In this sequence from The Mission, we see how Father Gabriel, a missionary who has been assimilated into the Guarani’s way of life, defends their culture, as he knows the truth about the Guarani’s behaviour: Father Gabriel: [The Guarani] are naturally spiritual. Spanish Judge: Spiritual? They kill their own young! Father Gabriel: That is true. May I answer that? Every man and woman is allowed one child. If a third is born, it is immediately killed. But this is not some animal rite. It’s a necessity for survival. They can only run with one child apiece. And what do they run from?

They run from us. That is they run from slavery. This sequence demonstrates that to an out-group member, some behaviour might be seen as being “animalistic” – thus inferior to the Spanish settlers who failed to notice that this behaviour is attributed to their intrusion in the natives’ lives. Thus ethnocentrism hinders our understanding of other cultures and at the same time keeps us from understanding our own. Anna and the King develops on the portrayal of two different cultures as equals, through Anna, an Englishwoman, and the King of Siam, King Mongkut.
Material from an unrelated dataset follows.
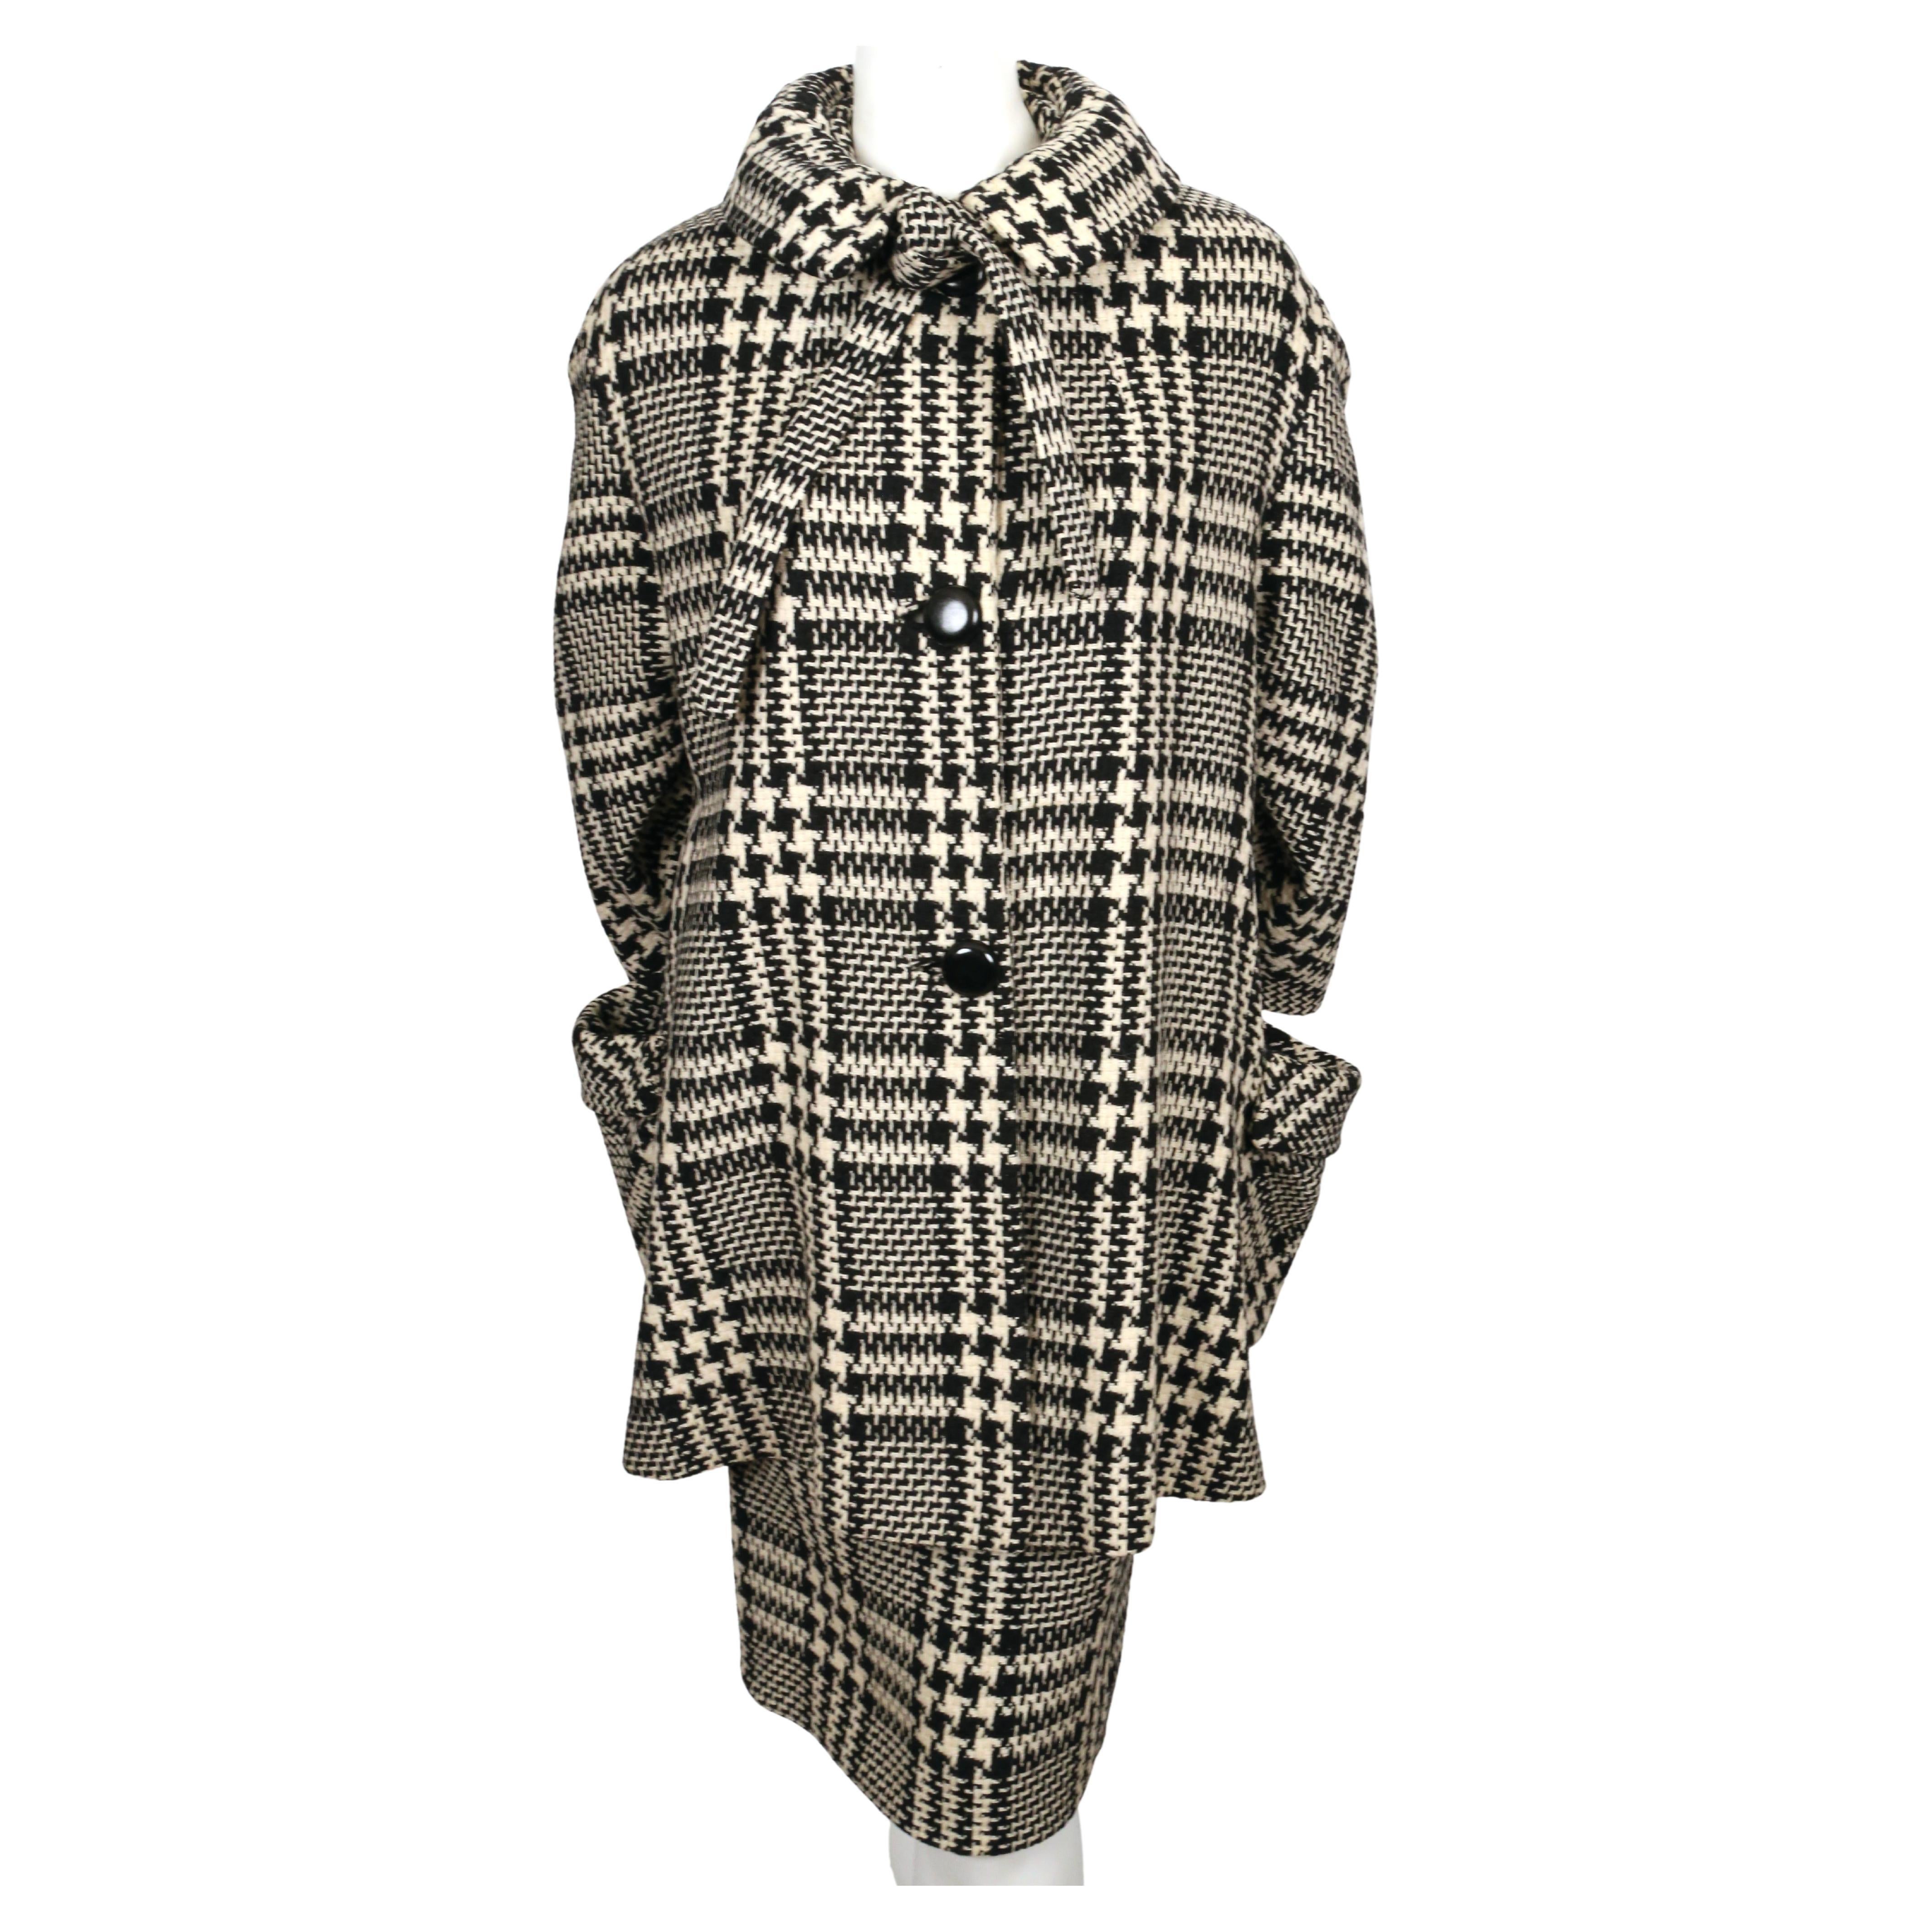 Cream and black houndstooth woven wool swing coat with necktie and matching skirt made for Joseph Magnin dating to the 1960's. Coat fits many sizes due to loose cute. Approximate measurements of coat: drop shoulder 20

However in the beginning of the film, when Anna arrived in Bangkok for the first time in 1860, she still had to discover equalities between her culture and the host-culture. As she stumbles her way through the foreign and “frightening” marketplace near the docks, she further confirmed her belief that “the ways of England are the ways of the world”. She looked at the local people in the same way they looked at her – a foreigner who is culturally different. During her first days at the palace grounds, and without having even met him, Anna discriminately thought of the King as:

Anna: A monarch [the King] who refuses to keep his word is uncivilised, unenlightened, and frankly, ungrateful. There are no principles at stake here. Definitely she was talking about her first impression of Siam and its people’s way of life and verifying even more her belief in the ‘civilized’ English ways. However, as the film develops, we see how Anna starts changing these early beliefs, as she acquaints herself with the customs of the Siam people and starts to be accepted into the community by the king and his subordinates. When Mr.
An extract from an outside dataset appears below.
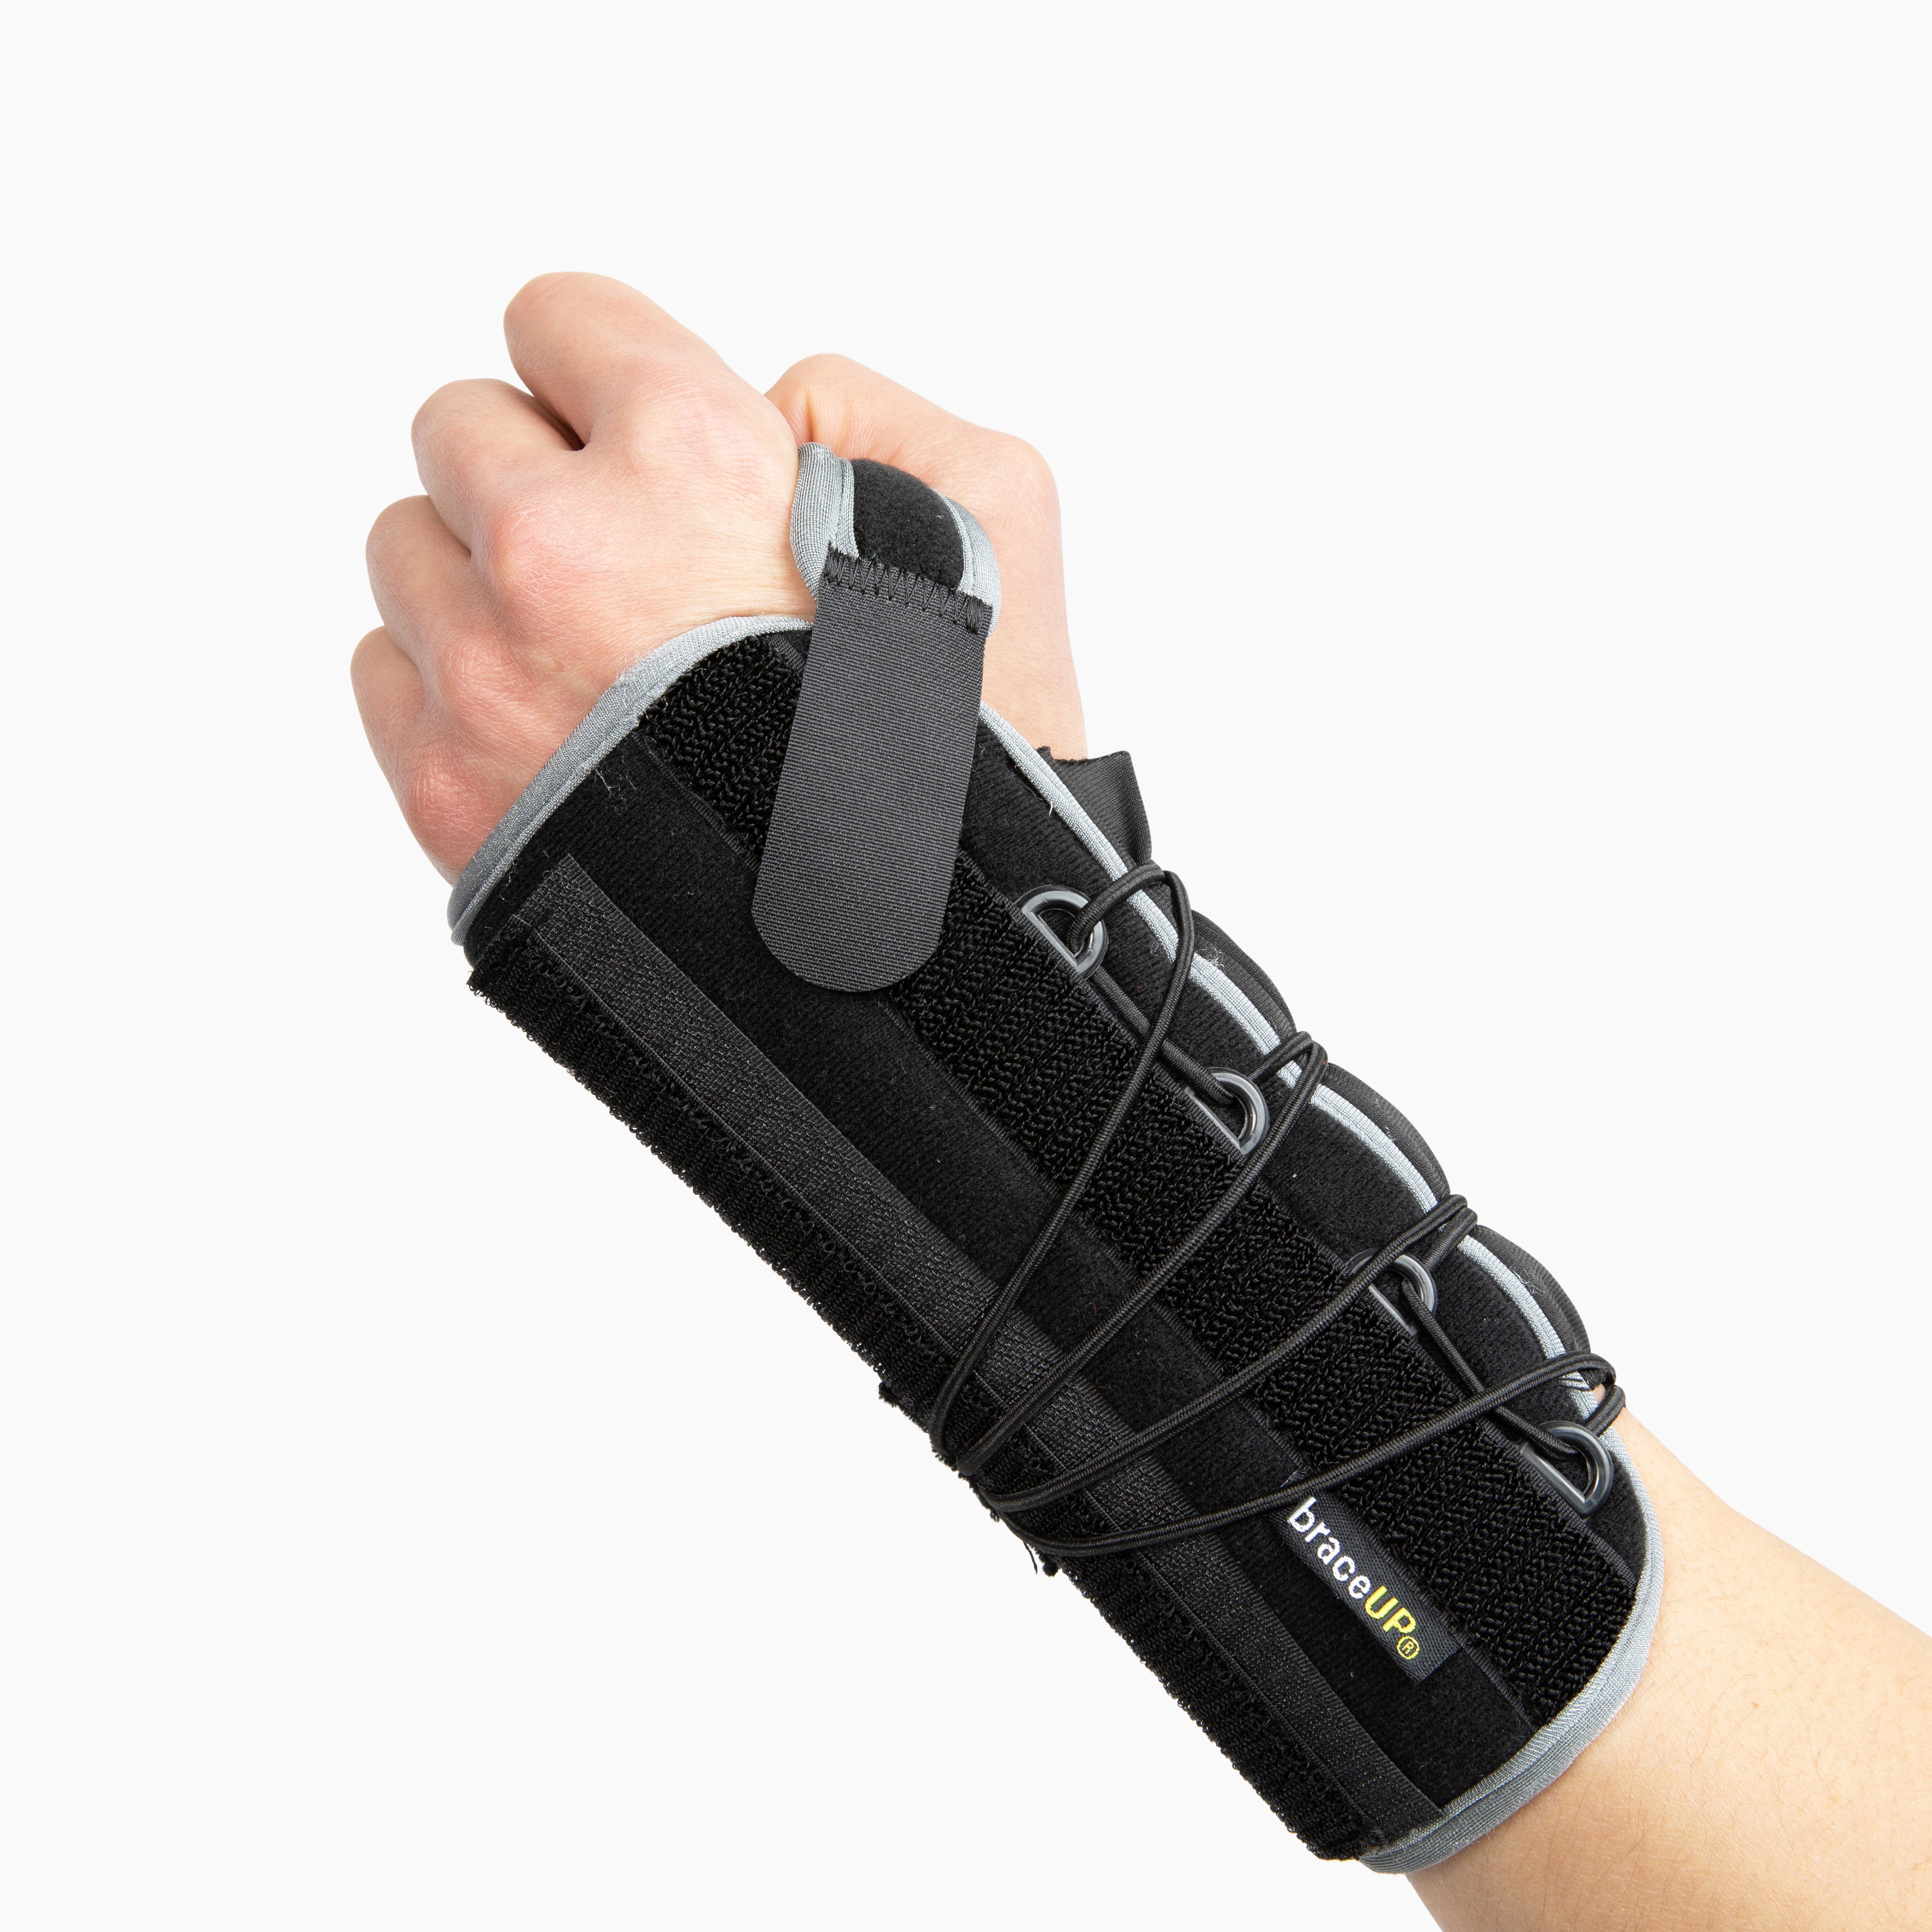 GROOFOO 1 Pair Carpal Tunnel Wrist Brace, Wrist Support Wrap for

Kincaid and Lady Bradley, two respectable English people, uttered nearly her same words regarding the ways of England, she defended the Siam people because her idea of this culture has now changed. Mr. Kincaid: There’s no arguing the superiority of the English. [… ] Anna: Superiority, Mr. Kincaid? I do not recall anyone being given the right to judge whose cultural customs are superior. ~ Lady Bradley: The ways of England are the ways of the world, my dear. Anna: They are the ways of one world, Lady Bradley. One that I am ashamed to call my own.